Sunshine turns heat on water supplies

Metering call : Companies blame excessive demand by wasteful gardeners as drought culture evaporates

NICHOLAS SCHOON

Environment Correspondent

Thousands of households have suffered water shortages this week during the summer's first prolonged period of hot, sunny weather.

Rocketing demand is to blame rather than any lack of water - there is plenty in reservoirs and underground aquifers after a wet winter.

But the deluging of lawns and flowerbeds with tapwater is straining distribution systems beyond their limits in parts of south-east England.

Water pressures drop and in some areas near the edge of the supply network - usually in villages and the countryside - there is now no flow at all for an hour or longer in the evening.

''The peak demand is the highest we've ever experienced,'' John Foxley, Southern Water's manager in Sussex, said. ''We're seeing a social and cultural change in which people see water as a right and where they regard watering lawns as equally important to other, more essential uses.''

The drought culture which existed several years ago, fostered by severe shortages, hose pipe bans and propaganda campaigns against wasteful water use, had long since evaporated, he added.

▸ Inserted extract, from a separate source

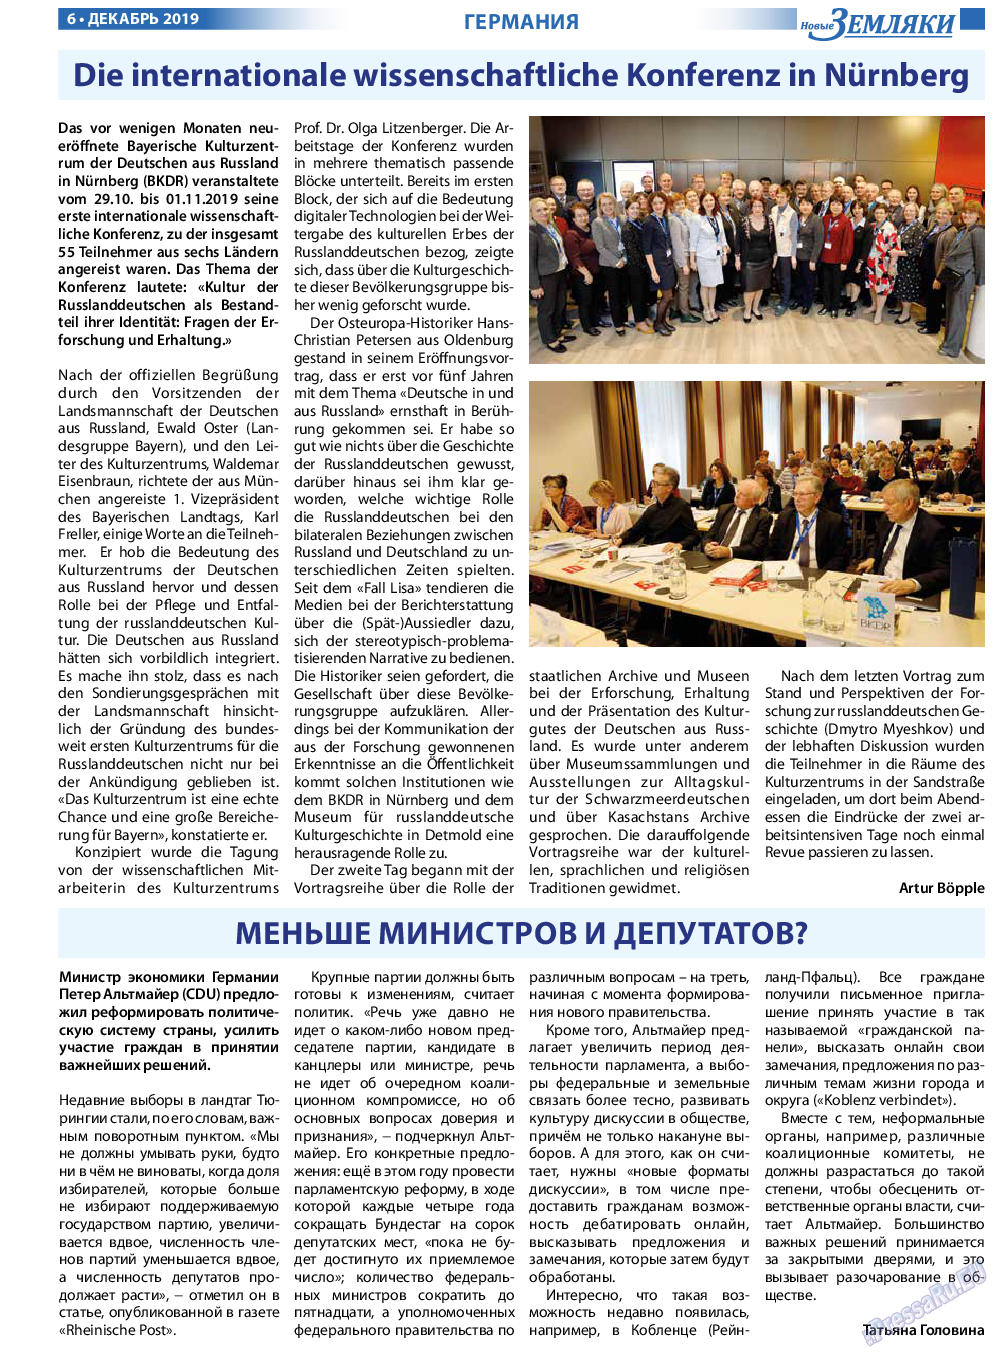 Новые Земляки, газета. 2019 №12 стр.6

So Southern Water, which covers much of Kent, East and West Sussex, and Hampshire, is once again asking people to use water wisely. Lawns only need sprinkling once a week, not nightly. Letting the grass grow a little longer helps keep it green. And the best time to water is in the late evening - any earlier and much of it evaporates.

Thames, the largest water company, also reported that some of its customers outside London were suffering shortages due to excess demand. ''We'd ask people to show restraint and not do things like leaving sprinklers on overnight,'' said a spokesman.

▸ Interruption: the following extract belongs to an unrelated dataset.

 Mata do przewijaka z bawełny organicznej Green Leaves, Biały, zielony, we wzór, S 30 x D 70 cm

The supply problems strengthen the case of those in the industry who argue for the spread of water metering. Experience indicates that there is usually a permanent reduction in water use when households pay for each gallon used, even if bills with meters are cheaper than those without.

Yesterday, Thames officially opened a huge new water storage scheme which uses a 40ft layer of sand beneath north London to hold up to 150 million tons - equivalent to one very large reservoir.

In winter, when there are ample supplies, surplus mains water is pumped into the aquifer below Enfield and Haringey, raising the water table. In summer that stored water is pumped out of the aquifer into the New River, an aqueduct built as a commercial venture 400 years ago to take fresh water from Hertfordshire into London. It flows down to Coppermills Water Treatment Works, at the southern end of the chain of Lea Valley reservoirs in east London.

The pounds 7m scheme uses 15 new boreholes along the New River, which descend as deep as 400ft through the sand into chalk below. The system keeps the water flowing in the river year round, which boosts the variety of fish and other life living in it.

n The National Rivers Authority, the Government's water watchdog, is this week fighting a water company's plans to drill a new borehole into an aquifer near Ashford.

The authority is asking a government-appointed inspector at a public inquiry to reject Mid Kent Water's application for the borehole between Charing and Lenham on the ground that it would lower the flow of the springs and streams that feed the Great Stour, thereby increasing pollutant concentrations in the river.